Scriveva il teologo morale francese Xavier Thévenot riguardo il divario che esiste tra teoria e pratica della sofferenza: “Discorsi e sofferenza non vanno d’accordo. La sofferenza è l’improvvisa apparizione dell’inatteso: è sempre differente dall’idea che me ne ero fatto.

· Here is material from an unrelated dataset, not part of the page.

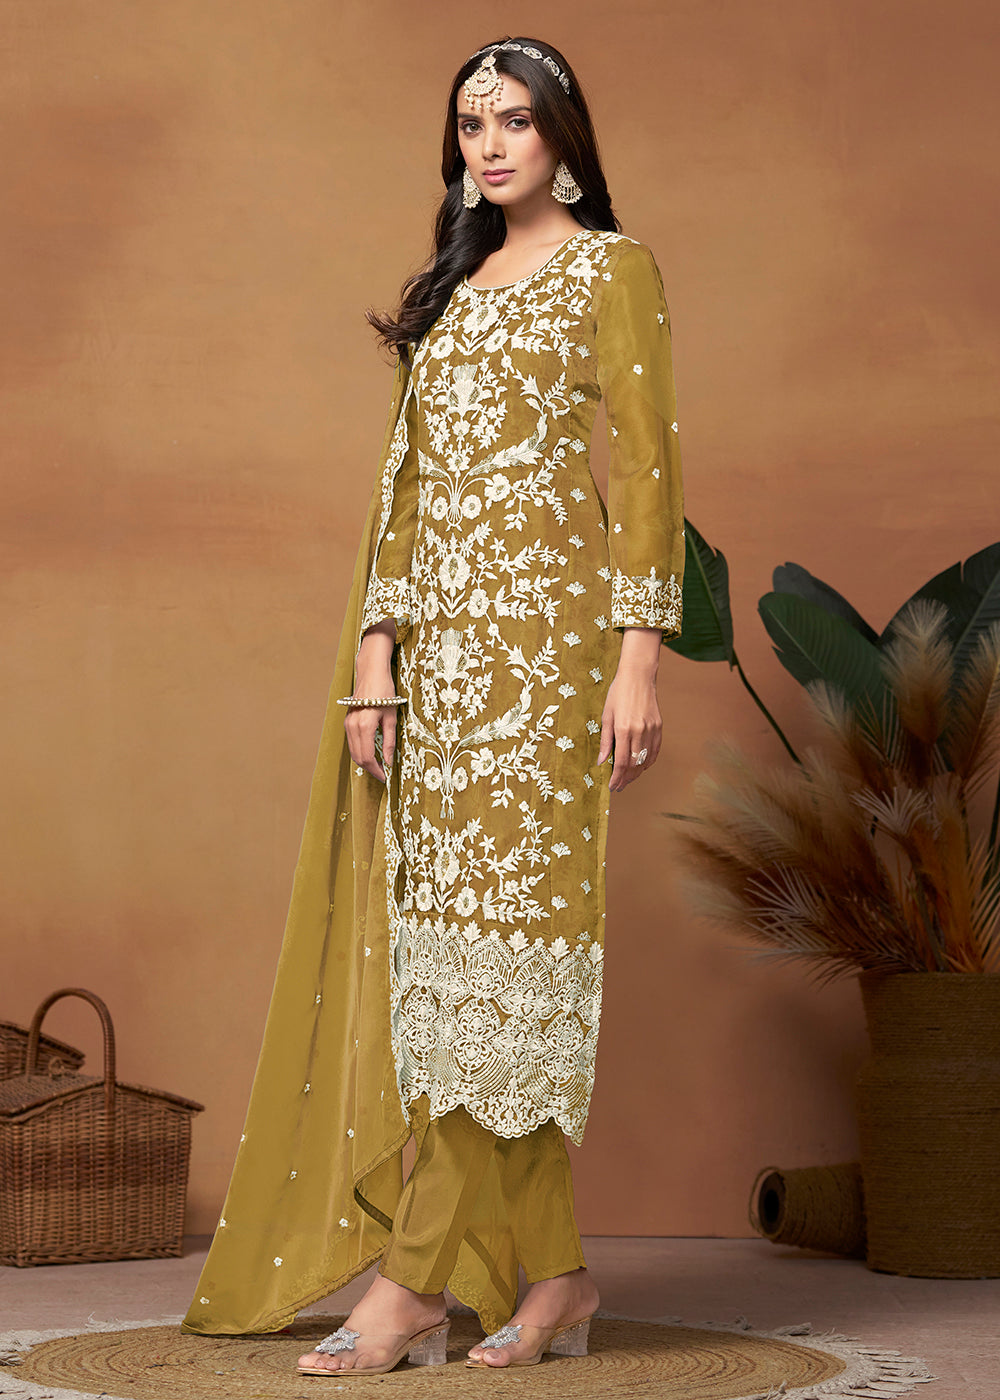 Buy Now Amazing Mustard Organza Embroidered Designer Salwar Suit Online in USA, UK, Canada, Germany, Australia & Worldwide at Empress Clothing.

E’ anche l’invasione nella mia personalità di una realtà estranea, così estranea che non trovo le parole per descriverla”.
Ed ecco riproporsi alla nostra riflessione quanto è accaduto proprio ieri, in una struttura svizzera, dove Fabiano Antoniano in arte Fabo, il Dj trentanovenne ha deciso di porre fine alla sua esistenza dopo che un grave incidente lo aveva reso tetra paretico e quasi cieco.
Ovvio che ora i media si scateneranno portando ciascuno la propria “parte di saggezza” e di sapere ma si tratterà solo di alcuni giorni, dopodiché il caso verrà archiviato e relegato nel dimenticatoio collettivo.
Ma una cosa è certa, almeno per coloro che credono in Dio e nella redenzione operata da Gesù: senza una fede granitica, convinta, vissuta e consapevole, la dimensione del dolore, della sofferenza resta un assurdo sul quale prevale e prevarrà sempre impotenza e rassegnazione.
Nessuno può arrogarsi il diritto di giudicare le scelte altrui, soprattutto se dettate dalla disperazione, resta però il fatto che la vita rimane comunque un bene prezioso, anche se talvolta chiede di essere vinta più che vissuta.